言葉を編む「大言海」(大槻文彦)、音楽を編む「大音海」(湯浅学)に肖って藝術を編む「大藝海」と名付けました。伝統に根差しながらも時代を「革新」する新しい芸術作品とこれを創作・実演する無名でも若く有能な芸術家をジャンルレスにキャッチアップしていきます。

額縁をくぐって物語の中へ/世界の名画〜美の殿堂への招待〜

【題名】(1)額縁をくぐって物語の中へ「グスタフ・クリムト“接吻”」     
    (2)額縁をくぐって物語の中へ「グスタフ・クリムトベートーヴェン・フリーズ”」
    (3)世界の名画〜美の殿堂への招待〜「黄金の画家クリムトと世紀末の女たち オーストリア美術館」
【放送】(1)NHK−BSプレミアム
       平成24年2月6日(月)15時45分〜16時00分
    (2)NHK−BSプレミアム   
       平成24年2月7日(火)15時45分〜16時00分
    (3)BS朝日
       平成24年12月5日(水)21時00分〜21時45分
【司会】ふせえり池田鉄洋
【感想】
最近、オーストリア(ウィーン)で華開いた退廃的なムード漂う世紀末芸術にスポットライトがあたっていますが、NHK−BSプレミアムの「額縁をくぐって物語の中へ」とBS朝日「世界の名画〜美の殿堂への招待〜」で、今年生誕150周年を迎えたグスタフ・クリムトを採り上げた番組が放送されたので観てみることにしました。

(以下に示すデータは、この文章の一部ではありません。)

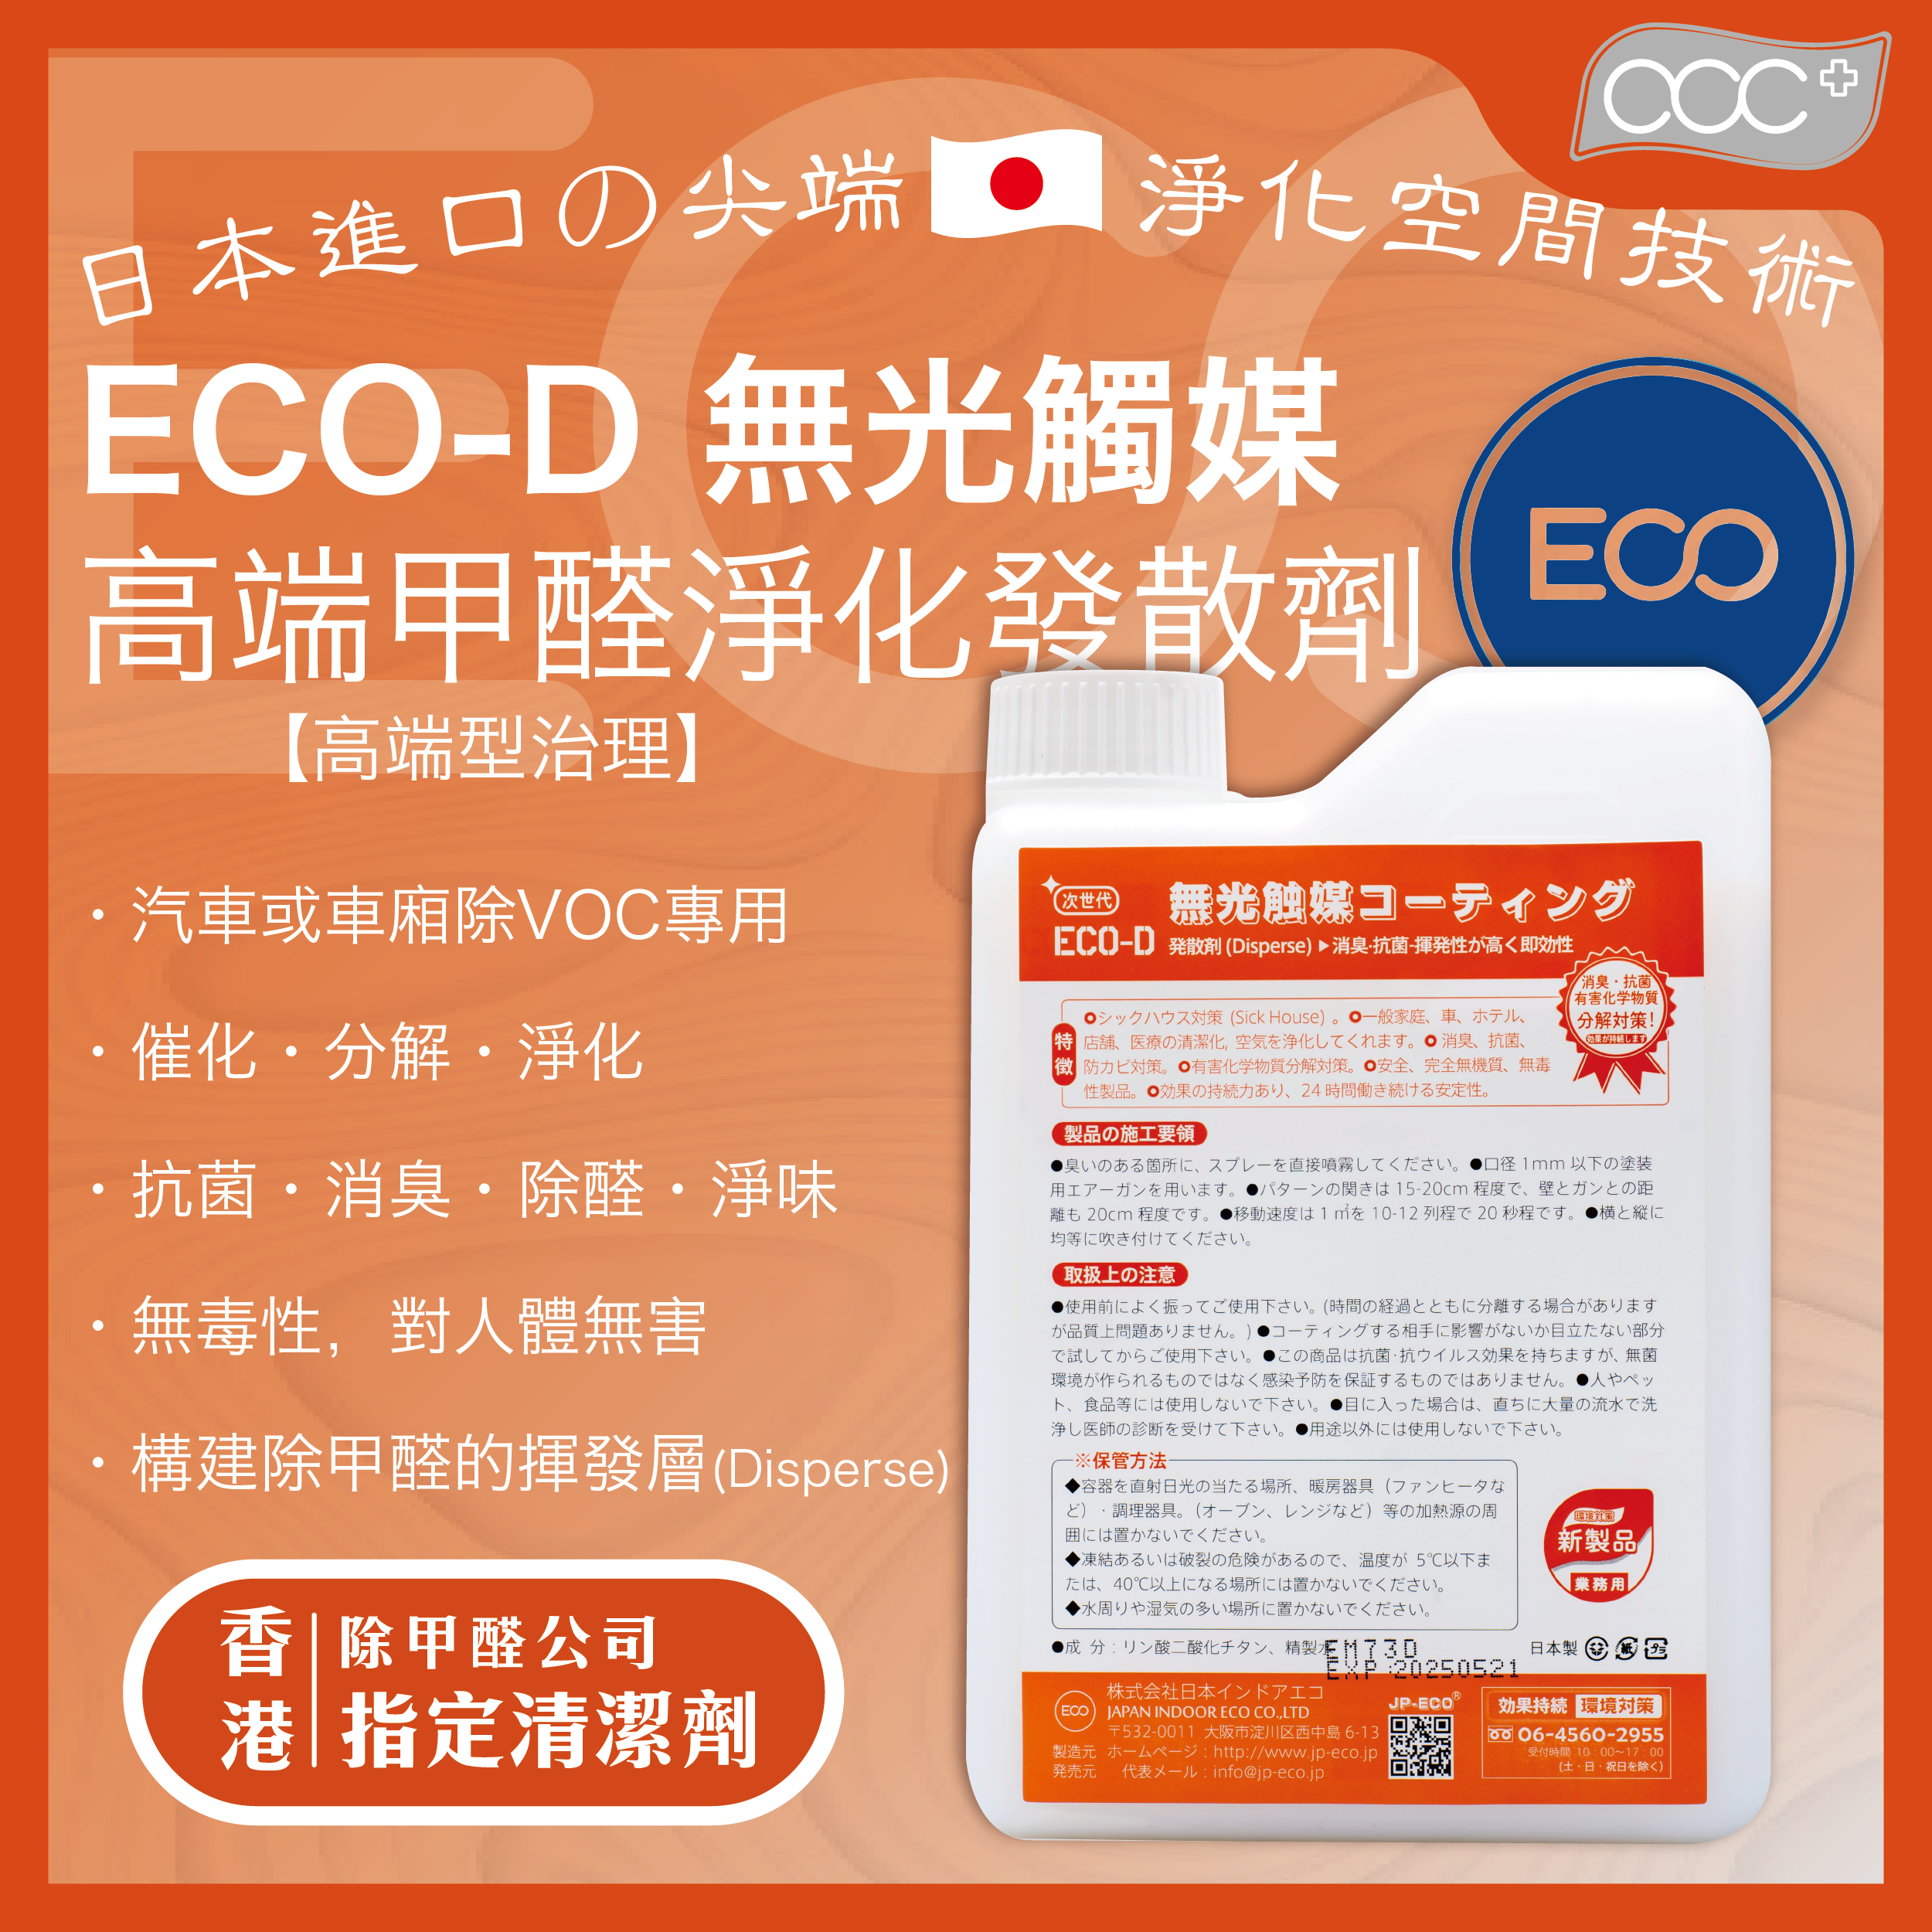 JP-ECO [Japanese original] ECO-D non-photocatalyst diffuser (1kg) formaldehyde scavenger powerful purification spray

先ず、クリムトの代表作で“世紀末の一枚”と言われる「接吻」です。クリムト自身と恋人エミーリエをモデルに描かれた本作ですが、黄金のドレスに身を纏った男性が崖っ淵に跪く女性を優しく抱擁して接吻しているこの絵の恍惚感に心を奪われない人はいないと思います。当初のスケッチでは女性も立ち姿で描かれていましたが、世紀末の退廃的なムードを映すように女性を崖っ淵に跪かせることで死と隣り合わせの究極の愛が表現されています。幾何学模様の黄金のドレスが目を惹きますが、これは束縛から解き放つ自由のドレスと言われておりクリムトがイタリアで見たモザイク画の圧倒的な迫力や神々しさから着想を得たものです。生涯独身を通したクリムトは好色家としても有名ですが、平面的なタッチの中にも身を滅ぼすような激しい愛が溢れ出ている非常に官能的で訴求力のある絵です。クリムト曰く“私について何か知りたいときは、私の作品を注意深く見て、そこに私の人間性を、私の言いたいことを読み取るべきである”と語っていますが、彼自身の人生が色濃く投影された絵と言えるかもしれません。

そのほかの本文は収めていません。